A You don't specify your exact hardware, but there was a known issue with
patch 119234-01 (bug ID 6317169),
which upgraded the firmware on the Sun V210/V240 machines to OBP 4.17.1.
Apparently this also broke JumpStarting across a supernet such as your /23.
If you have this patch installed, try rolling back to OBP 4.16.4.
I've also run into a situation where the patch was not installed (but
the machine was still at a higher firmware/OBP level). Upgrading the OBP to
4.22.11 with patch 121683-01 might also work for you, but I don't believe the
problem has actually been fixed yet with that version.
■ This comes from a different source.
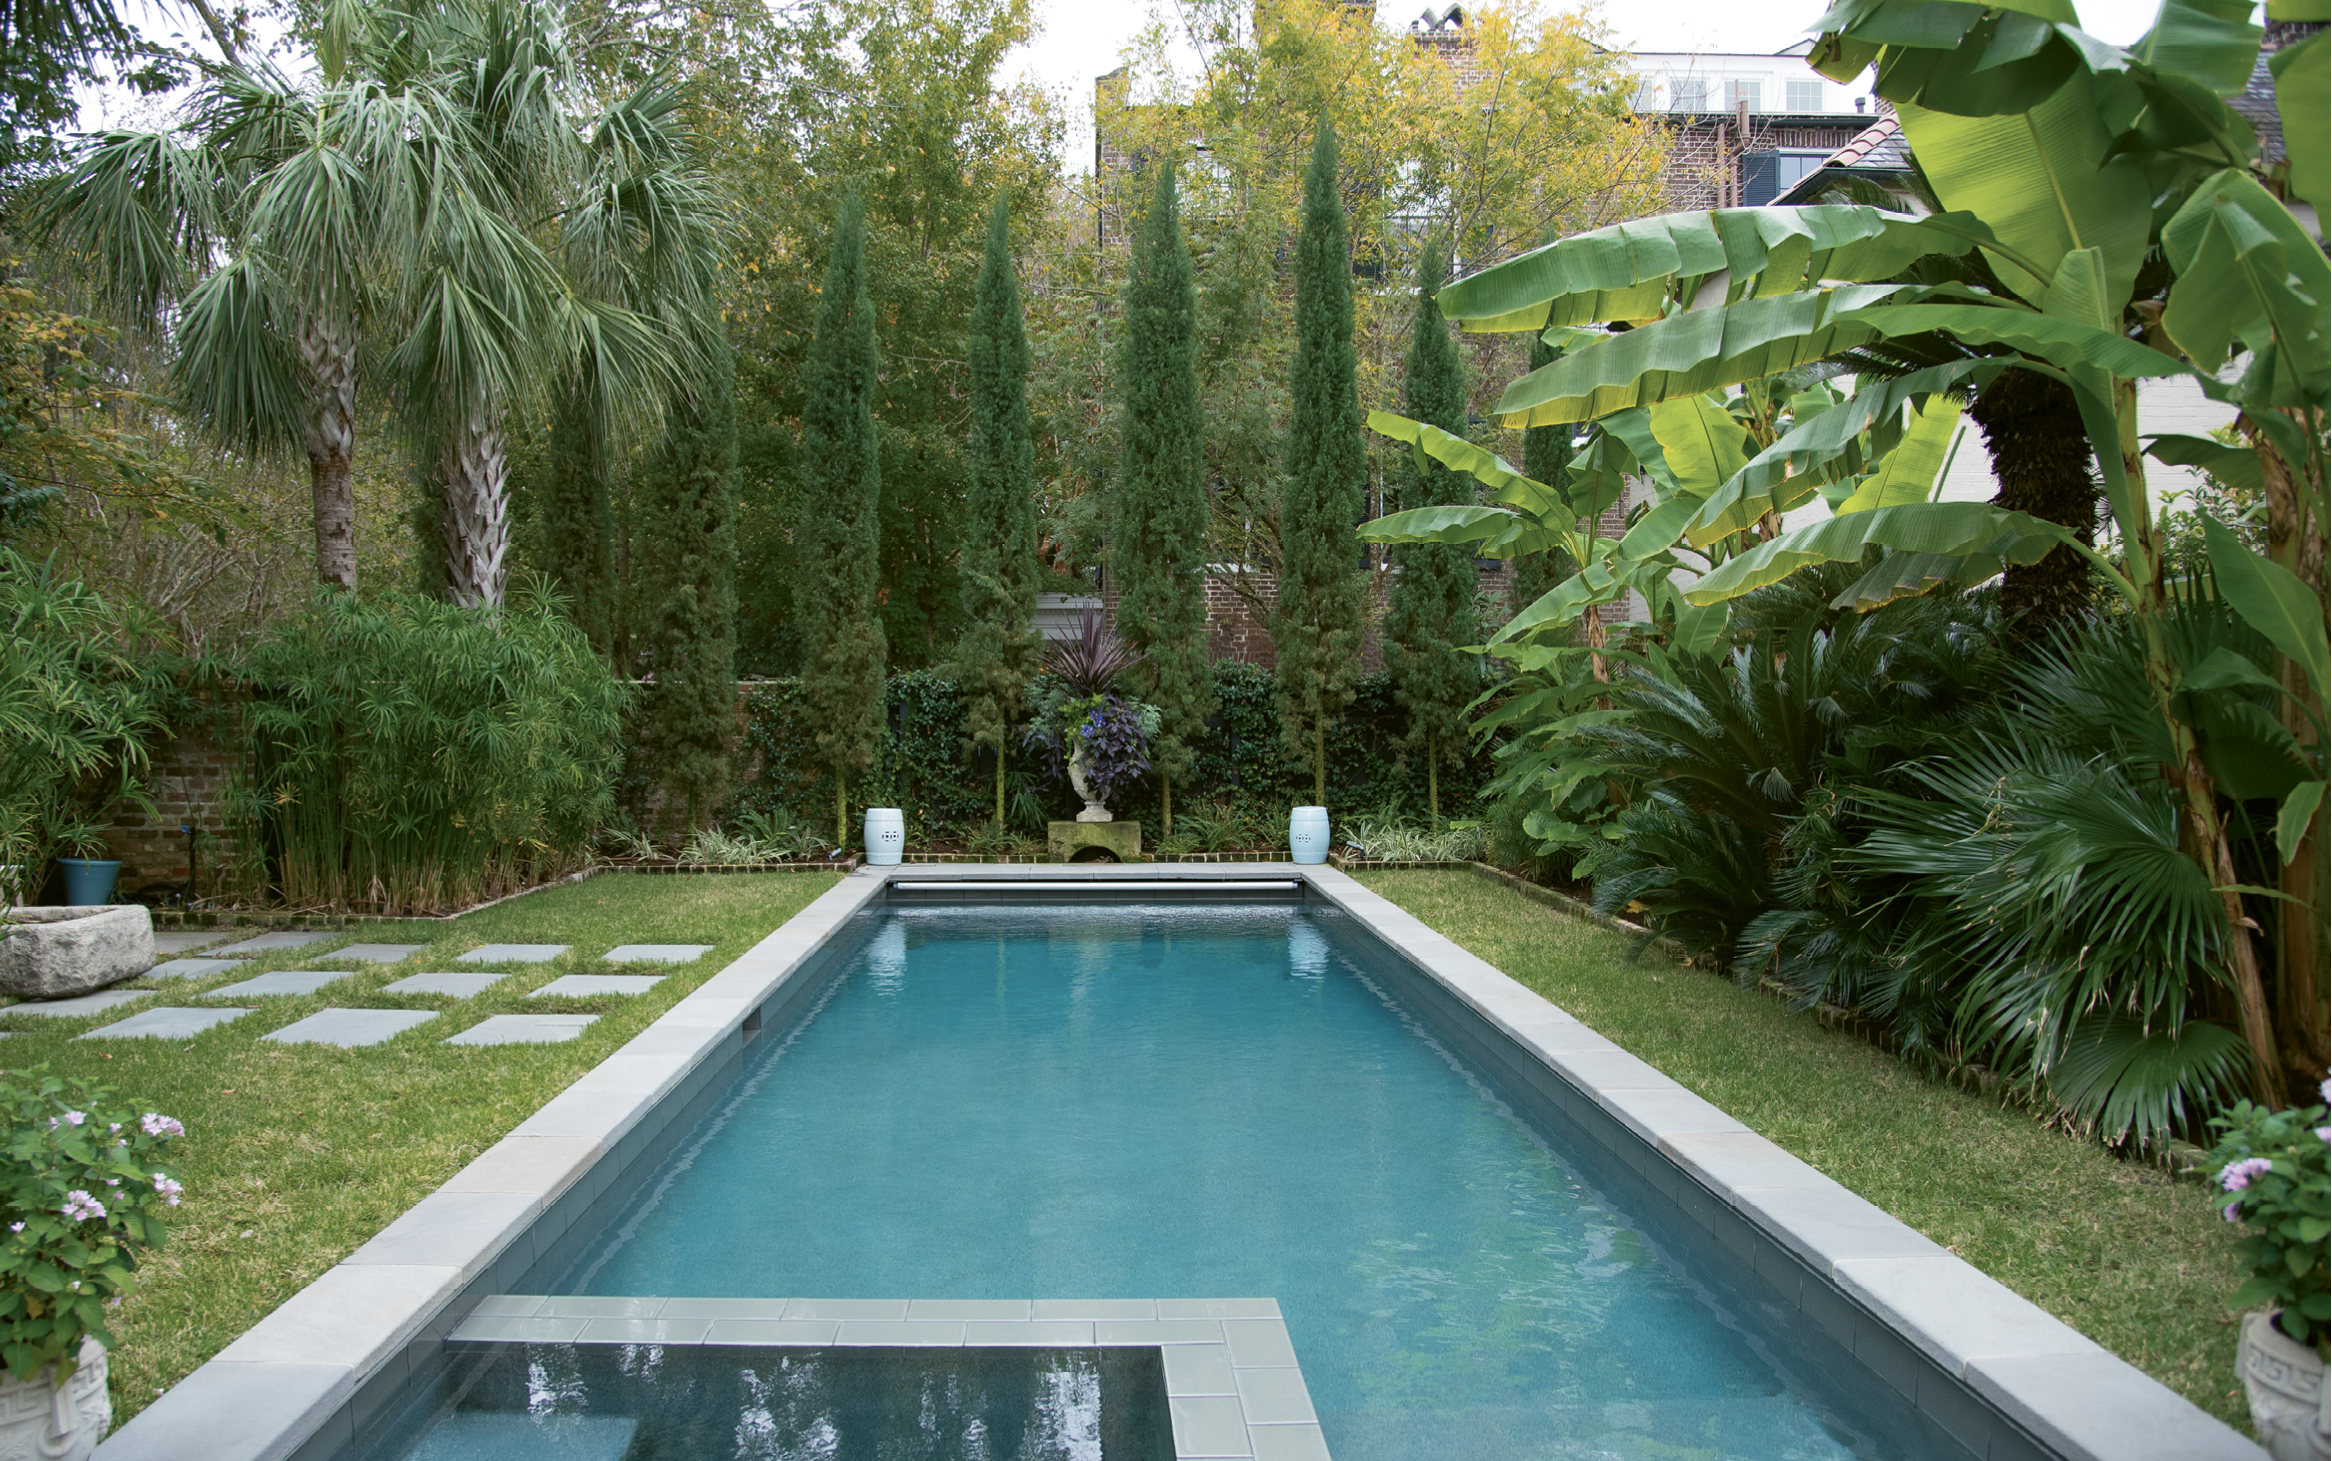 Calm &amp; Cool: The garden’s final room conjures the Mediterranean with an all-green landscape that mingles Italian cypress trees, Confederate jasmine, variegated flax lily, sago palms, and banana trees.

Your other option is to move away from using
bootparams/RARP all together and start using DHCP to jump your clients. You
can use the Sun DHCP server or a third-party DHCP server, like ISC's,
to store your client information.
Q I just upgraded my laptop to
Debian Unstable with the 2.6.17.1 kernel. This box sits on an internal
private network and connects to the external network via an Apple Airport
(second generation) and then a Solaris 8 machine running ipfilter 3.4.20. I'm seeing
very very odd behavior on this laptop when it tries to connect to outside
machines. I can connect to, say, www.google.com, but not www.yahoo.com. I also can't ssh out to other machines I have accounts on from that
laptop, but all other internal machines talk to the Internet just fine.
First, here is the ipfilter configuration file:
#!/sbin/ipf -f -
# internal interface: hme0 192.168.1.1
# external interface: hme1 publicIP
# Block short packets fragmented too short to be real
block in log quick all with short
# By default, block and log everything.
block in log on hme1 all
block out log on hme1 all
block out log on hme0 all
block in log on hme0 all
# Block loopback addressed packets going in/out of network interfaces
# that aren't on the loopback interface
block in log quick on hme1 from 127.0.0.0/8 to any
block in log quick on hme1 from any to 127.0.0.0/8
block in log quick on hme0 from 127.0.0.0/8 to any
block in log quick on hme0 from any to 127.0.0.0/8
# Allow packets to transverse the loopback interface
pass in quick on lo0 all
pass out quick on lo0 all
# Deny reserved addresses but don't log them.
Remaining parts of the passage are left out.